There are three outstanding chapters that present to us the greatness of the Son of God; John 1; Colossians 1 and Hebrews 1 We have touched lightly on the first two, and can but, for our present purpose, do the same with Hebrews 1 In each of these divine views of God's Son, He is brought before us as the creator. Often has it been noticed that when any one of the Persons of the Trinity is presented as the Creator, it is the Son. Do we not see in this the divine wisdom that safeguards the glory of the Person who took upon Him the form of a servant to secure the purposes of the Godhead? Men have used the incarnation and the Son's place as a Servant in attempts to deprive Him of His Godhead glory; but the Spirit of God, on the pages of inspiration, has presented Him as the One who created the universe of God.

God has spoken in former days by prophets, and all former communications were but fragments disclosing something of God's thoughts; but now, in the Person of the Son there has been the full revelation of God. Coming into creation, the work of His hands, to make God known, the Son is viewed as the "appointed Heir of all things." All things belong to the Son as creator, as appointed Heir, but also in His rights of redemption, for, as we read in chapter 2, "He tasted death for everything" (Heb. 2:9). God's glory shines out brightly in the Son: but He expresses what God is in Himself, what no other could do. Everything in the universe is held in its place by His might, and having wrought out the great work of propitiation. He sat down in the rights of His Person on the right hand of the majesty on high.

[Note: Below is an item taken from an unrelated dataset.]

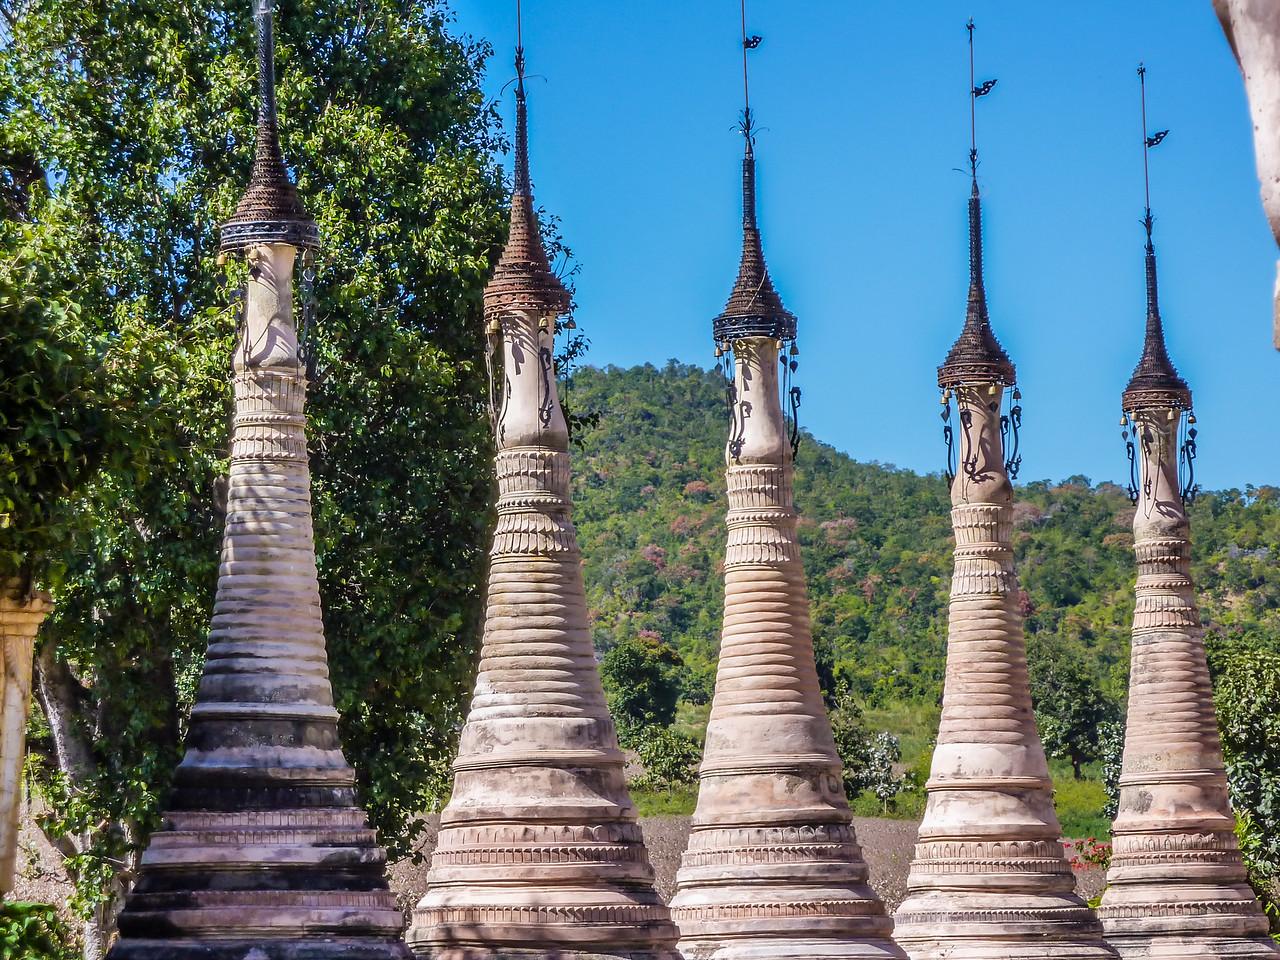 Takhaung Mwetaw Pagoda, Inle Lake, Myanmar

Gods Son — The True God and Eternal Life

There is not only everything for the assembly in Christ, but everything for the individual child of God. Eternal Life has been given to us by God, but "this life is in His Son." All our present divine blessing is summed up in eternal life in this epistle, and God would have us to realise that it is in Jesus, His own Son. We have the nature of God and the Holy Spirit, whereby "We know that the Son of God is come." Not only do we believe it; we know it, having the present consciousness of it as engaged in communion with the Father and the Son. This great fact, the coming of the Son, is the power that influences every department of our lives; controlling every spring and action of the divine nature within us, and every movement without that is actuated by the Spirit of God.

Having come and manifested all that God is in His nature of love, the Son has gone to the Father's presence, and from there has communicated to His own the eternal life of which He is the embodiment, as also the True God, setting forth in Himself where He is, as once where He was, every thought of God. While waiting to have our part with Him in the Father's House, He is the object to fill and satisfy our hearts, and it is as engaged with Him, the eye resting upon Him that we can be for Him during the time of His absence. Living for the Father, He overcame the world; and with our hearts and minds occupied with Him where He is we shall overcome the world, for, saith the Scripture, "Who is he that overcometh the world, but he that believeth that Jesus is the Son of God?" (1 John 5).